Merge strategy example​
This example demonstrates the merge
incremental strategy using our Otto's Expeditions project:
import polars as pl
import pyarrow as pa
from ascend.resources import read
from ascend.common.events import log
from ascend.application.context import ComponentExecutionContext
@read(
strategy="incremental",
incremental_strategy="merge",
unique_key="id",
on_schema_change="sync_all_columns",
)
def read_inlinked(context: ComponentExecutionContext) -> pa.Table:
"""
Incrementally reads 'inlinked' event data from Otto's Expeditions project.
"""
# Load all available parquet files; Ascend handles merging based on state
df = pl.read_parquet("gs://ascend-io-gcs-public/ottos-expeditions/lakev0/generated/events/inlinked.parquet/year=*/month=*/day=*/*.parquet")
# Retrieve previous data to determine last processed timestamp
current_data = context.current_data()
if current_data is not None:
current_data = current_data.to_polars()
max_ts = current_data["timestamp"].max()
log(f"Reading data after {max_ts}")
df = df.filter(df["timestamp"] > max_ts)
else:
log("No current data found, loading all data")
log(f"Returning {df.height} rows")
return df.to_arrow()
Append strategy example​
This example demonstrates the append
incremental strategy with timestamp-based filtering:
from datetime import datetime
from ascend.resources import read
from ascend.application.context import IncrementalComponentExecutionContext
# Example data for timestamped incremental append
initial_data = {
"key": [1, 2],
"ts": [datetime(2020, 1, 1, 12, 0), datetime(2020, 1, 2, 12, 30)],
"string": ["a", "b"],
"integer": [1, 2],
}
updated_data = {
"key": [1, 2, 3],
"ts": [
datetime(2021, 1, 1, 12, 0),
datetime(2020, 1, 2, 12, 30),
datetime(2021, 2, 1, 12, 0),
],
"string": ["a", "bb", "c"],
"integer": [1, 2, 3],
}
@read(strategy="incremental", incremental_strategy="append")

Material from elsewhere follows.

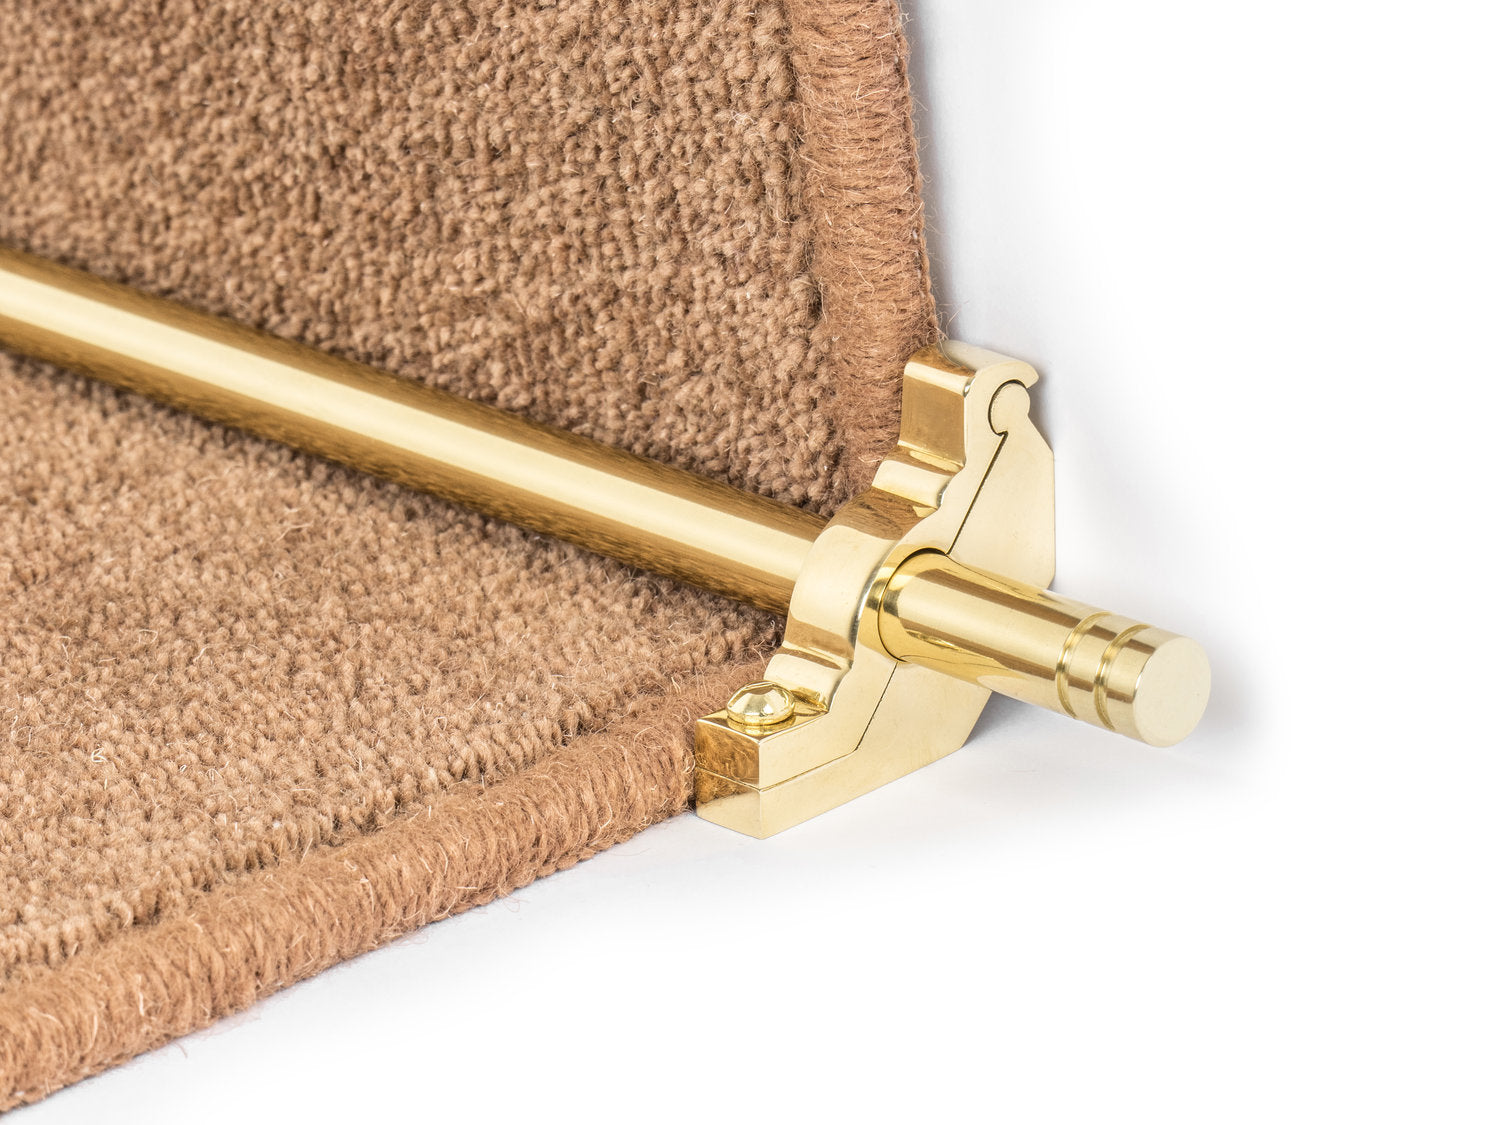 Premier Woburn stair rod solid core brass specialist finish
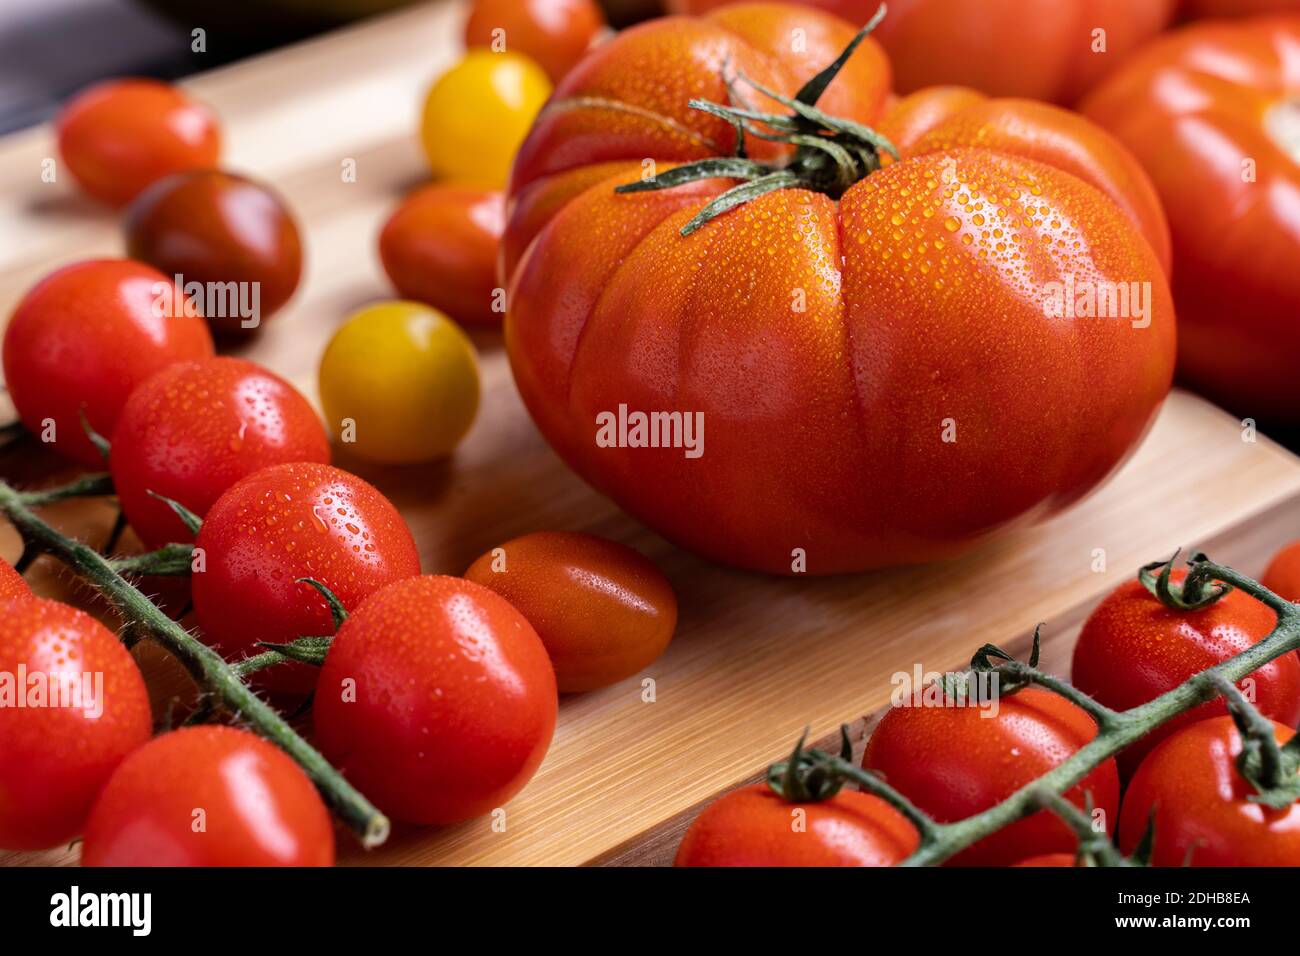 A top view of different varieties of tomatoes Stock Photo

def incremental_custom_python_read_append(context: IncrementalComponentExecutionContext):
"""Demonstrates the append incremental strategy with timestamp-based filtering."""
current_data = context.current_data("pandas")
data = initial_data
if context.is_incremental:
# row 1 has an updated timestamp, so it is included in the delta
# row 3 is new and has a timestamp > than the max in the current output
ts_key = "ts"
if context.data_plane_type == "snowflake":
ts_key = ts_key.upper()
max_ts = current_data[ts_key].max()
filtered_data = {key: [val for i, val in enumerate(updated_data[key]) if updated_data["ts"][i] > max_ts] for key in updated_data.keys()}
# Since we are using the append strategy, the updated row 1 will get appended to the existing output.
data = filtered_data
if context.data_plane_type == "snowflake":
# make keys uppercase for Snowflake compatibility
data = {key.upper(): val for key, val in data.items()}
return data
For more examples and advanced options, see our reference guide.
🎉 Congratulations! You've successfully created an Incremental Python Read Component in Ascend.